Proses penyembuhan alveolar setelah ekstraksi tampaknya tidak tertunda atau terganggu.

Diagnosis klinis RHL terkait ekstraksi telah jelas. Namun, konfirmasi imunohistokimia pada Tzanck smear disarankan (7), khususnya sebagai post-ekstraksi herpes zoster telah dijelaskan (14,15). Sebagai sero-prevalensi mencapai 90 sampai 95% dalam populasi orang dewasa, serologi bukan metode diagnostik yang direkomendasikan.
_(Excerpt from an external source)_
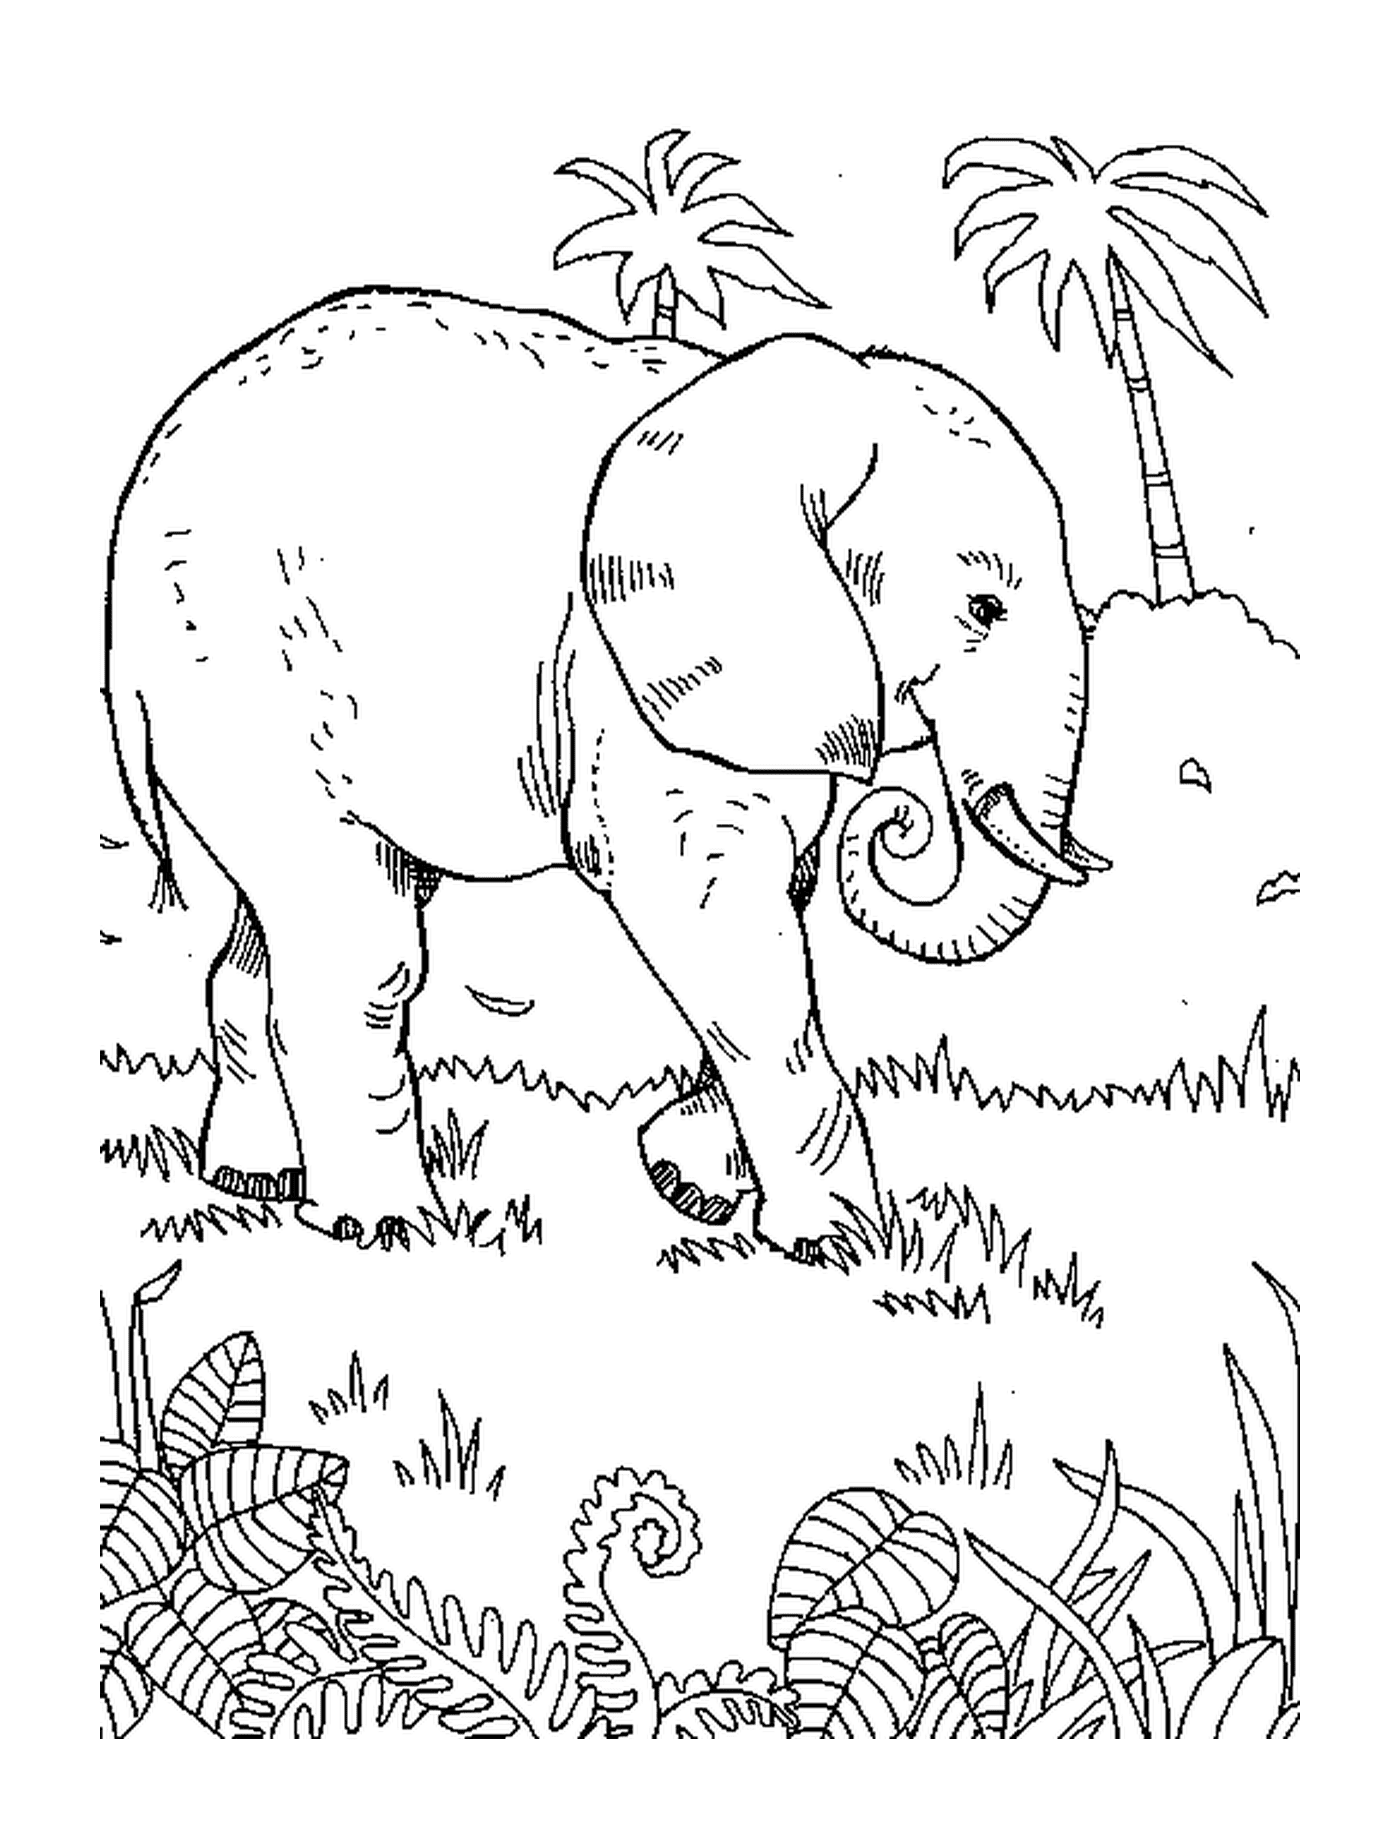  Un elefante caminando por la hierba cerca de una palmera

Pengobatan infeksi HSV terkait ekstraksi ini bergantung pada terapi antiviral oral atau intravena, sesuai dengan tingkat keparahan klinis. Dalam dua pasien, profilaksis pengobatan antivirus efektif karena tidak ada RHL diamati setelah ekstraksi molar selanjutnya di bawah anestesi lokal. Data yang lebih namun diperlukan untuk merekomendasikan terapi antivirus profilaksis. Saat ini, hanya individu yang dipilih dengan riwayat RHL yang memenuhi syarat untuk profilaksis antivirus. Dalam analogi profilaksis antivirus pengobatan untuk prosedur kosmetik abrasif, yang skema berikut bisa diusulkan; oral valasiklovir (500mg bid, Zelitrex , Glaxo Smith Kline), 48 jam sebelum sampai tiga hari setelah perawatan gigi. famsiklovir atau asiklovir juga dapat dipertimbangkan (13).

Sebagai kesimpulan, kambuhnya HSV dapat dipicu dengan ekstraksi gigi. Infeksi ini tampaknya lebih parah dari biasa. Data kejadian kurang. Pengobatan antivirus profilaksis dapat dianggap untuk pasien RHL secara individual. Dokter Gigi harus menyadari komplikasi ini berpotensi parah ekstraksi gigi.